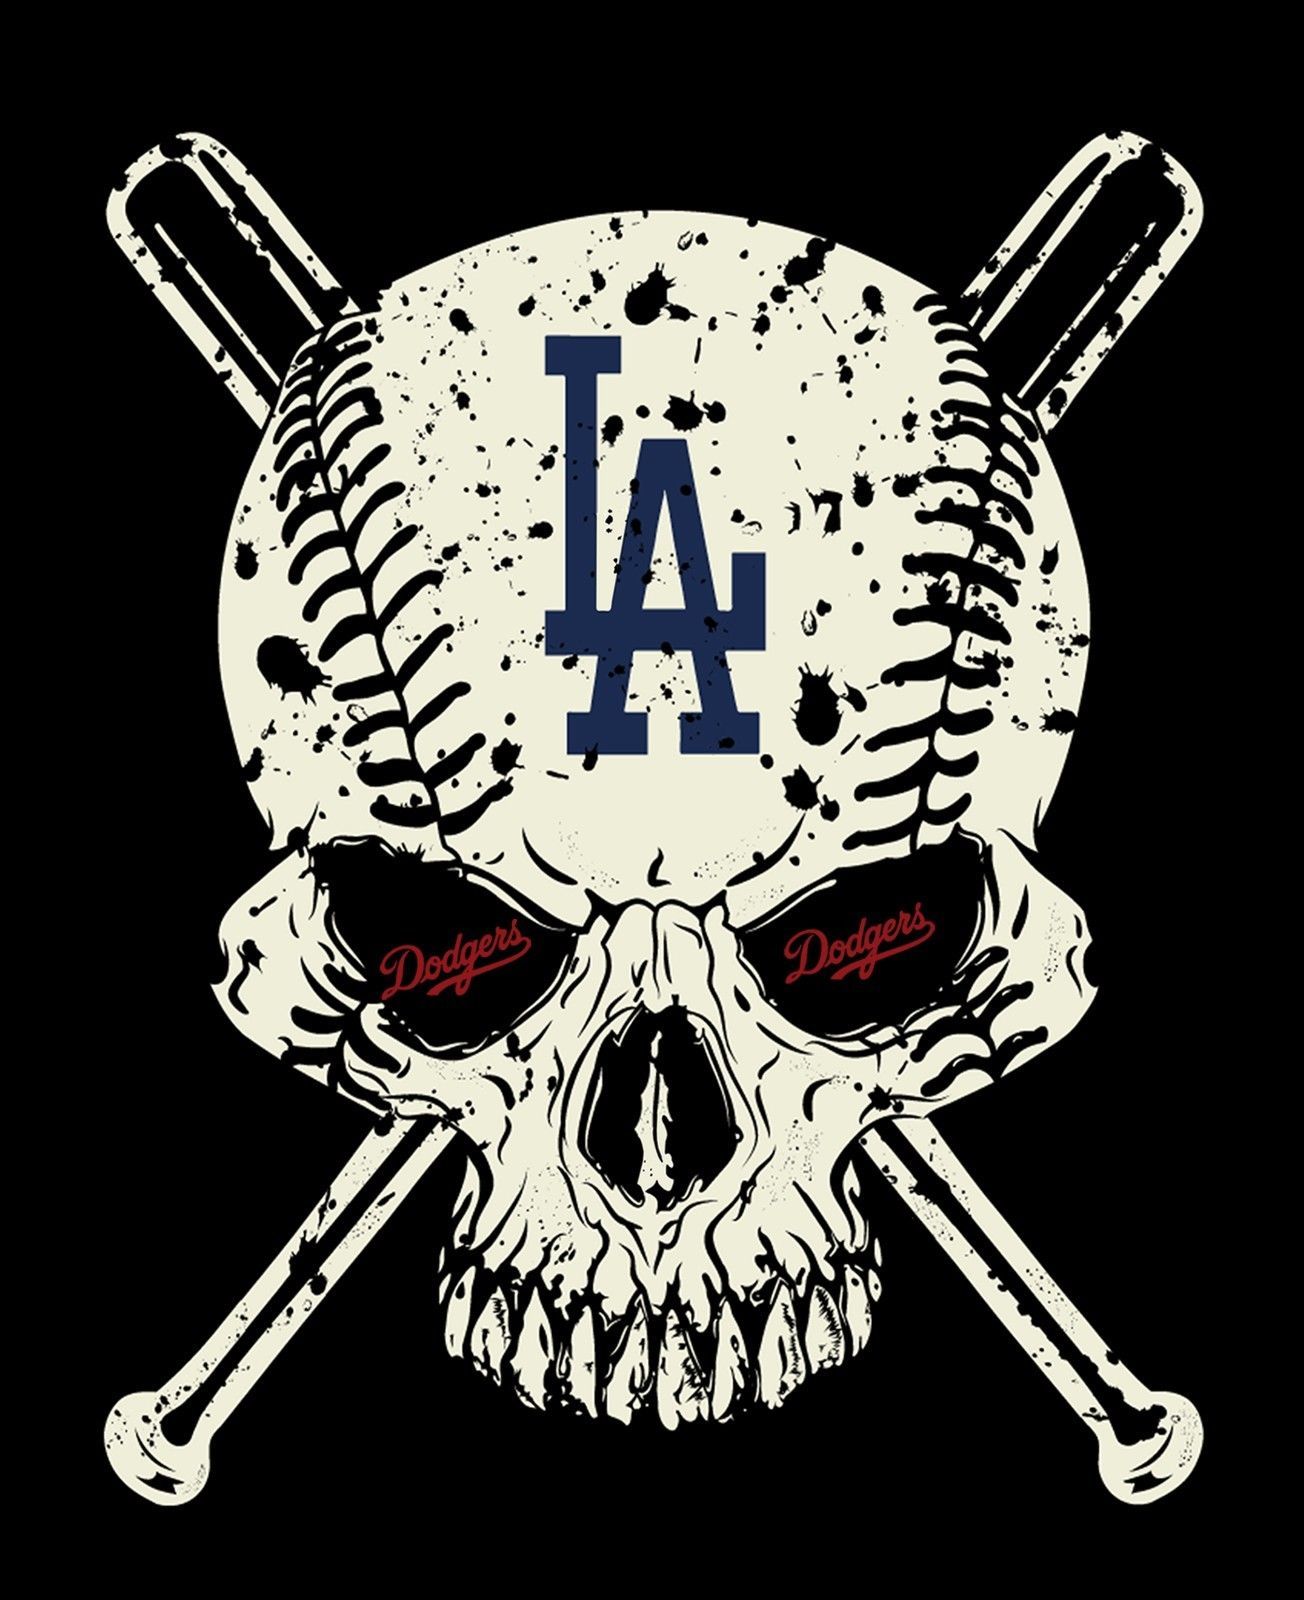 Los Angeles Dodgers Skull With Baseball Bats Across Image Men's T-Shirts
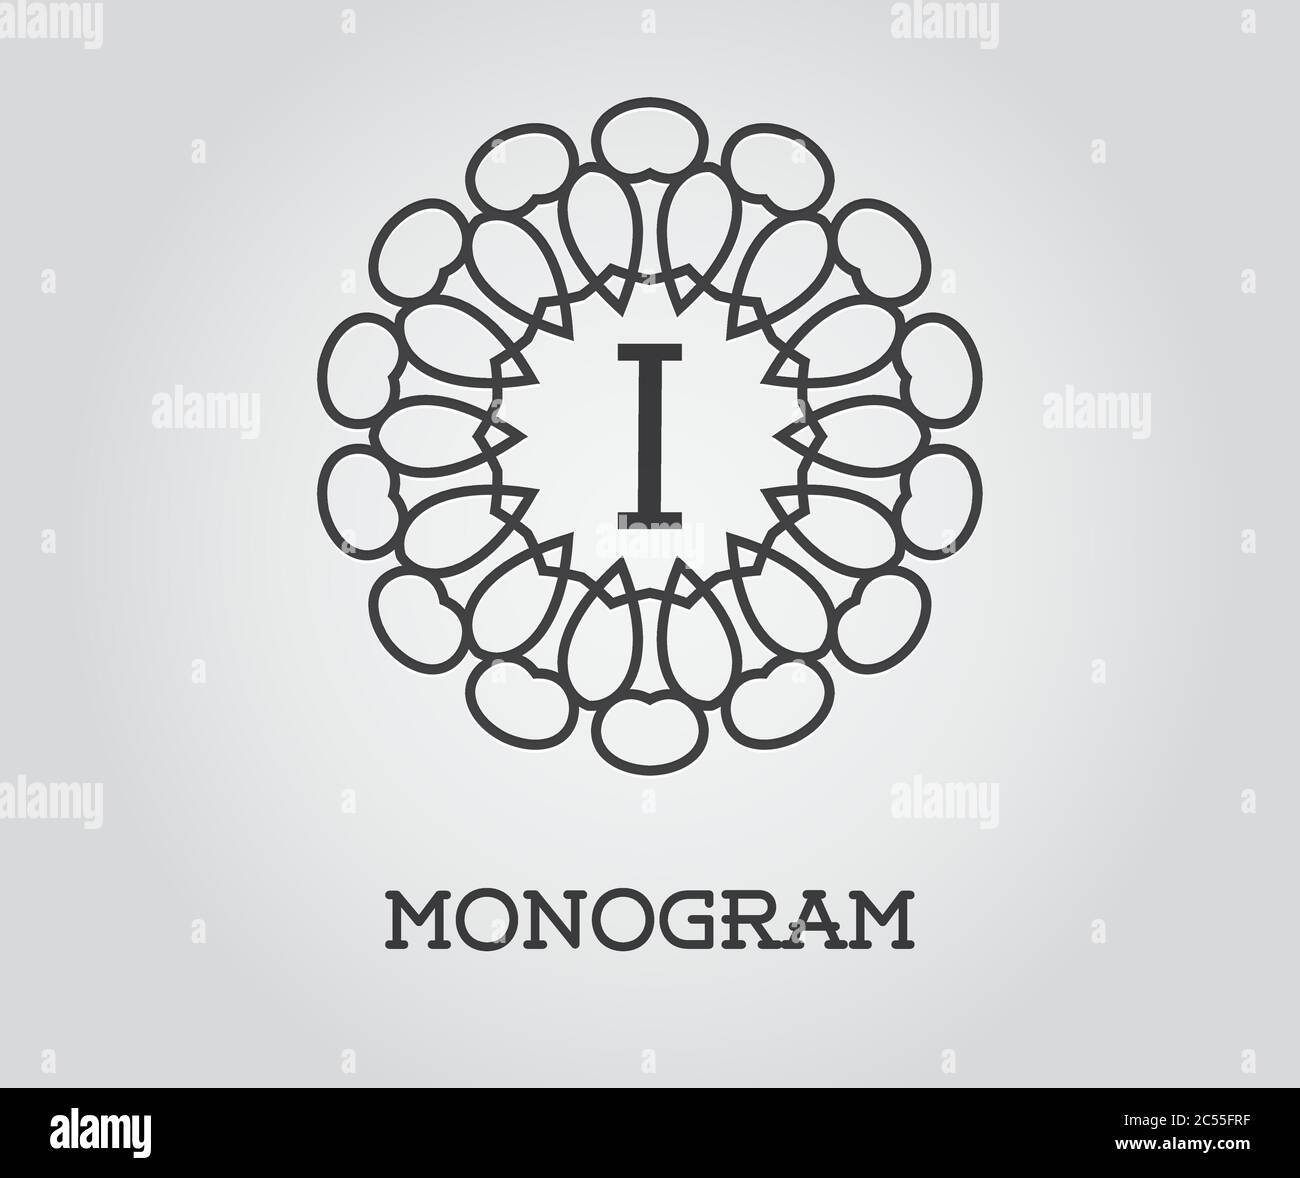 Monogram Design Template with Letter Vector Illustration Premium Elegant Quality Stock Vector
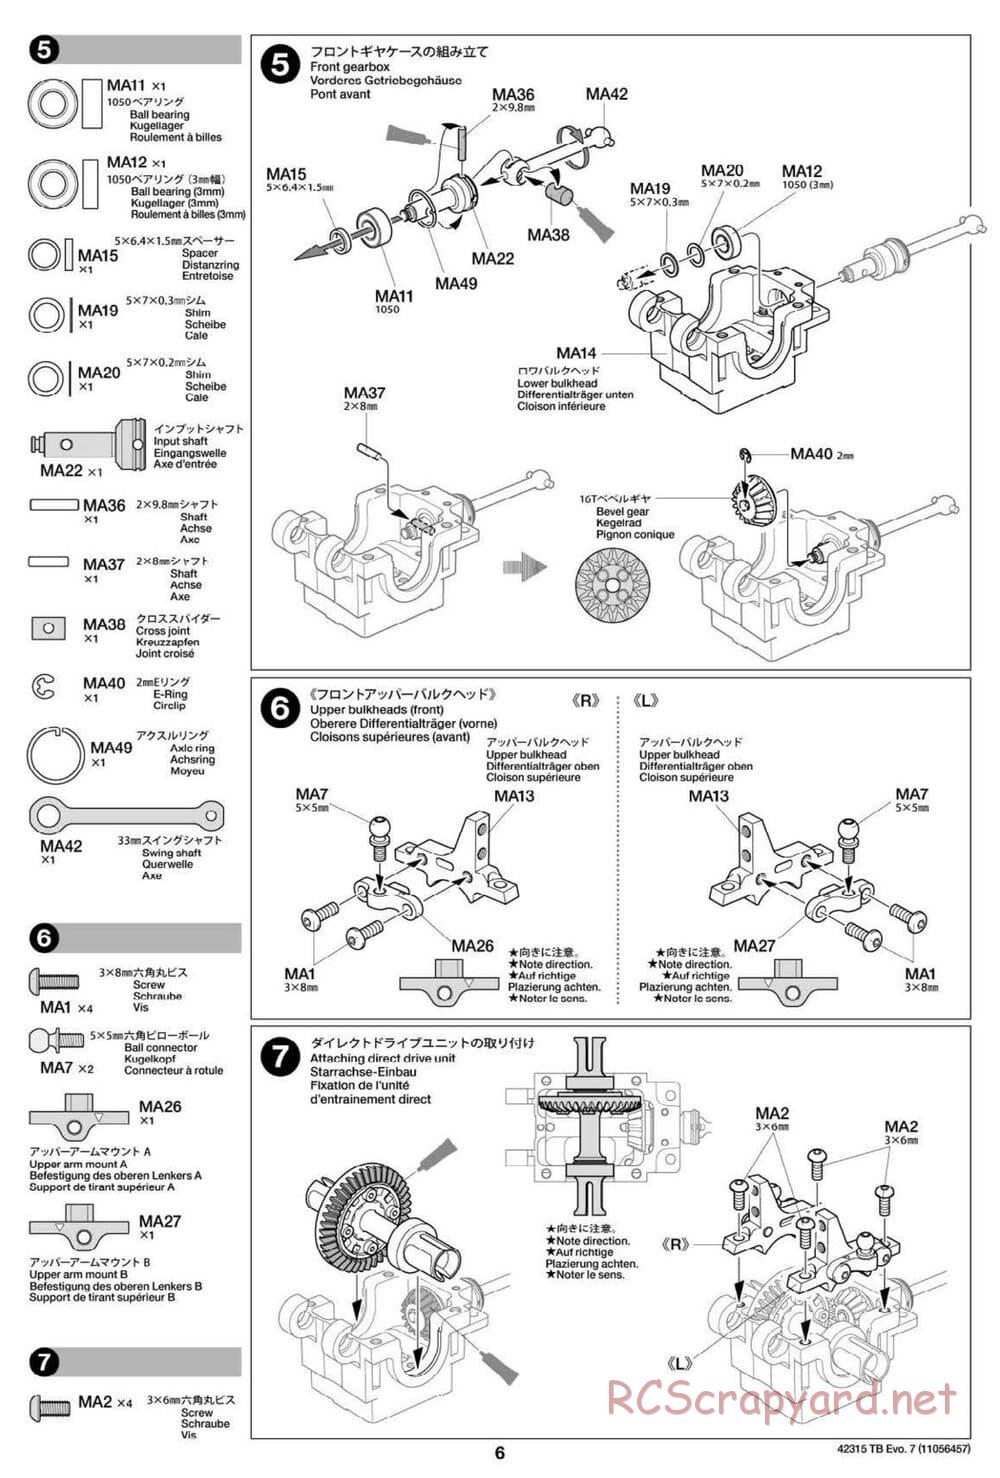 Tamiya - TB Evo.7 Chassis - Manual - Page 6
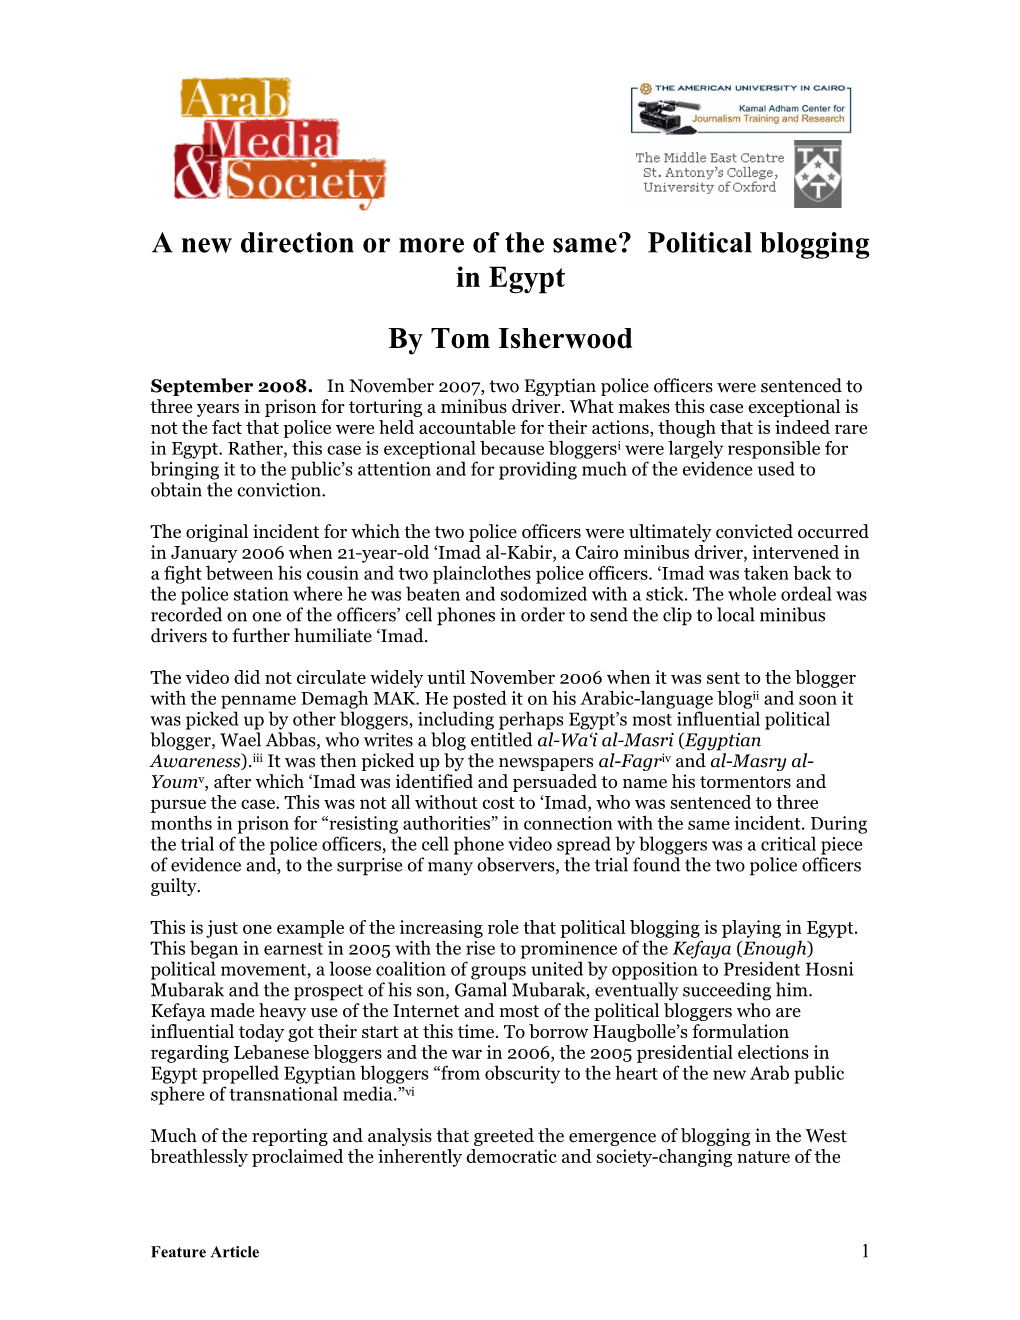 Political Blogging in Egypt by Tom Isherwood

*What to produce*: Could you transcribe all of the data exactly and omit the pictures?

*Result of this task*:
 Los Angeles Dodgers Skull With Baseball Bats Across Image Men's T-Shirts
 Monogram Design Template with Letter Vector Illustration Premium Elegant Quality Stock Vector
 Tamiya - TB Evo.7 Chassis - Manual - Page 6
 Political Blogging in Egypt by Tom Isherwood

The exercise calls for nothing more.